Hi all! I am new to this site but I was wondering if anyone could help me translate this message I received by sms. I am just learning Romanian after visiting the beautiful country once but I don't recognize most of this message. If anyone could help me translate that would be so great!

Nu mai bea mey k nu e bine...cum ai putut sa ma inseli? nu stiai k eu ma gandesc numai la tine si nu as putea sa fac asta...ti-am trimis sms in romana ca stiam ca ai translator si sa nu ma mai chinui eu sa-ti trimit sms in engleza ca si asa nu prea stiu...si mie mi-e dor de tine.


----------



## Trisia

Hi, welcome to the Romanian forum 

Erm, OK, I'll give it a shot, and my colleagues can join in if needed:



> Stop drinking, it's not good for you... how could you deceive/cheat on* me? Didn't you know that I only think about you and could never do that... I sent you this message in Romanian because I knew you had a translator and it would have been a lot more difficult for me to send this in English, because I don't know it well... and I miss you.



*) it's the same word in Romanian, so I can't tell which one they meant.


----------



## robbie_SWE

Trisia said:


> Hi, welcome to the Romanian forum
> 
> Erm, OK, I'll give it a shot, and my colleagues can join in if needed:
> 
> 
> 
> *) it's the same word in Romanian, so I can't tell which one they meant.


 
Perfect translation Trisia!
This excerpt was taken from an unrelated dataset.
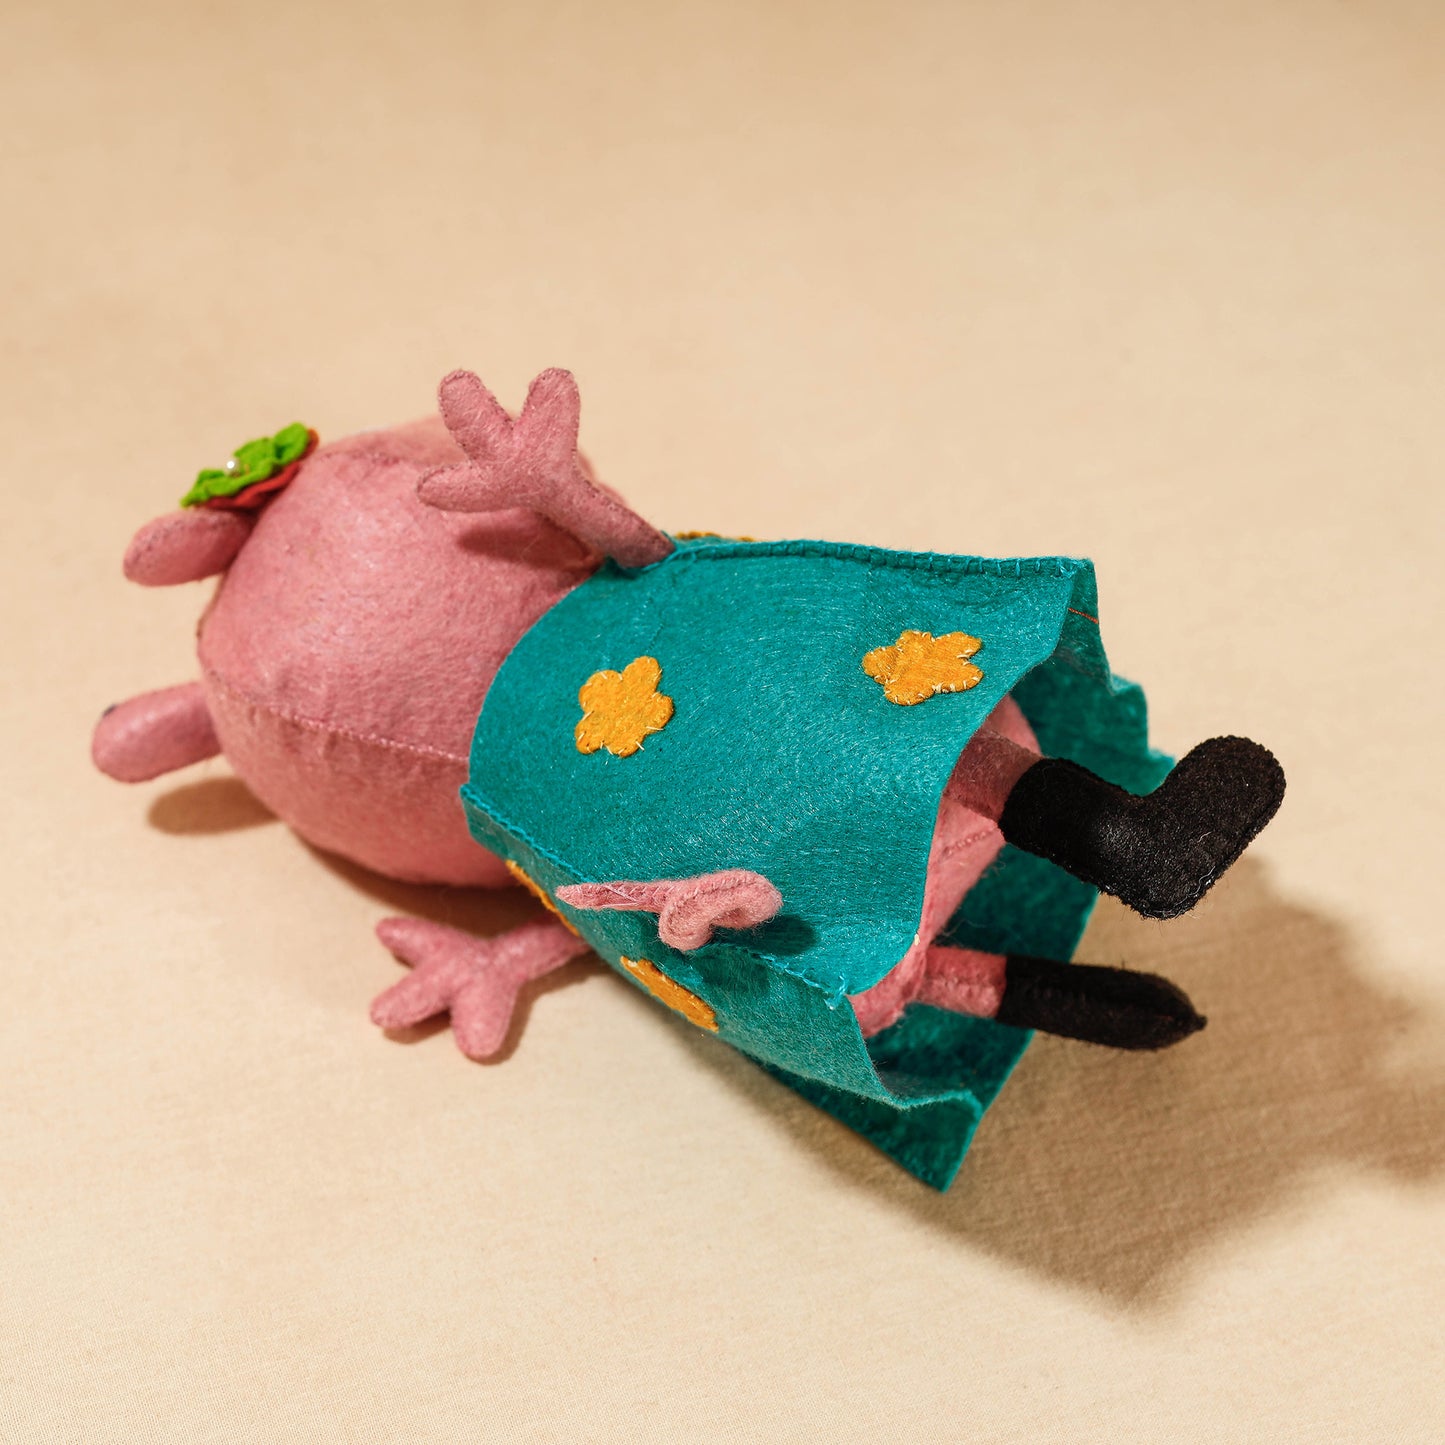 Mummy Piggie - Handmade Felt Work Stuffed Soft Toy
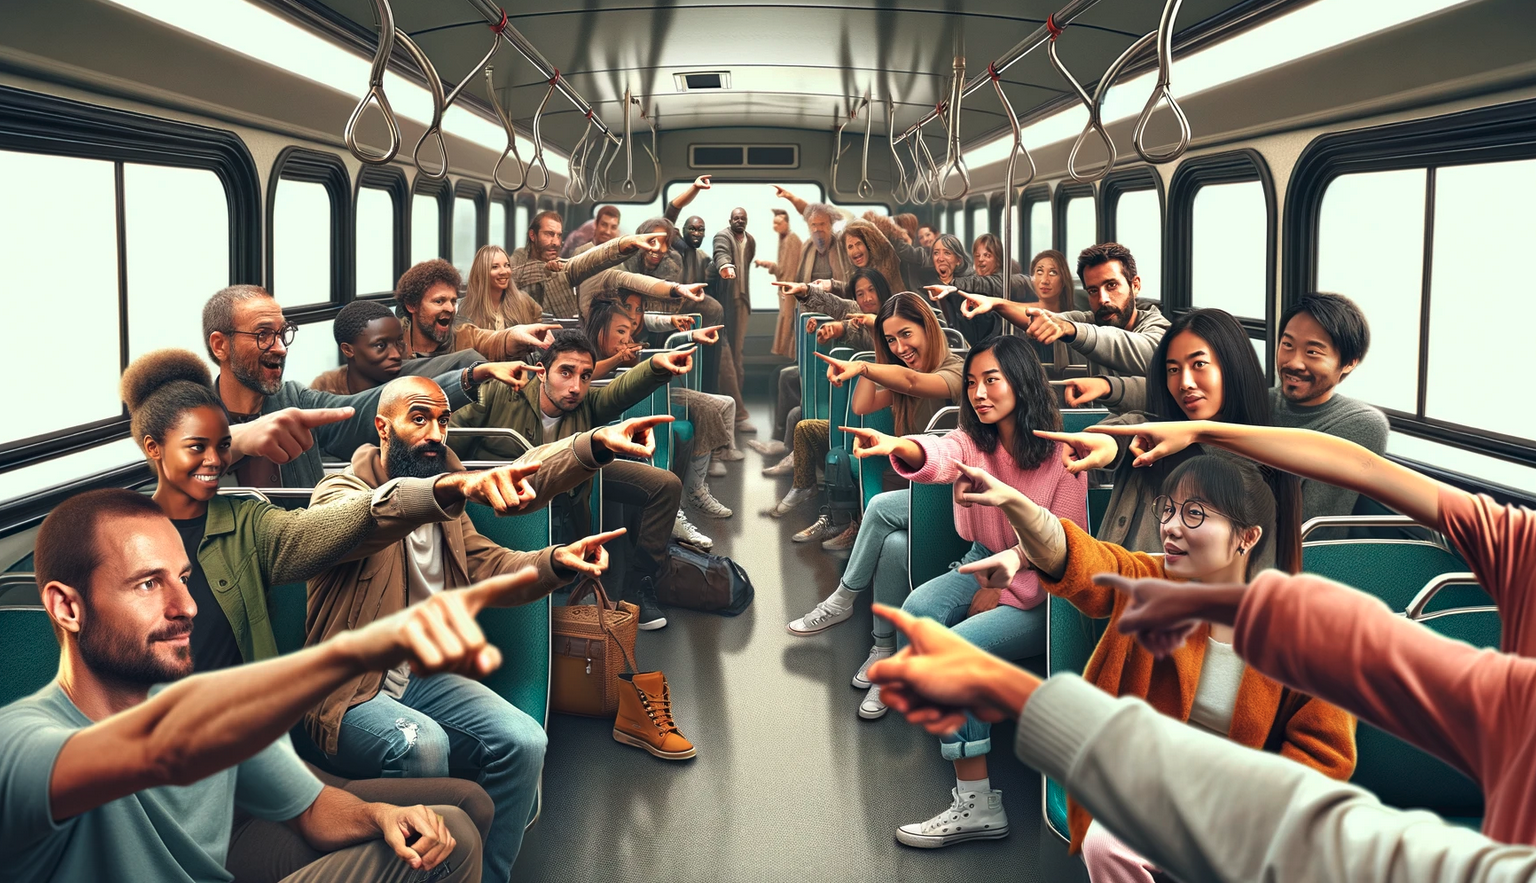 linkowanie wewnętrzne - ludzie wskazujący na siebie w autobusie

Just a question about the last few words; wouldn't it be better to say "_and I miss you_ *too*"? It's a minor change, but what do you think? 

 robbie


----------



## OldAvatar

She/he knew that you've got a translating soft, so she should have used normal language instead of SMS slang.


----------



## barbarabliss

Thanks very much for the help and quick reply!


----------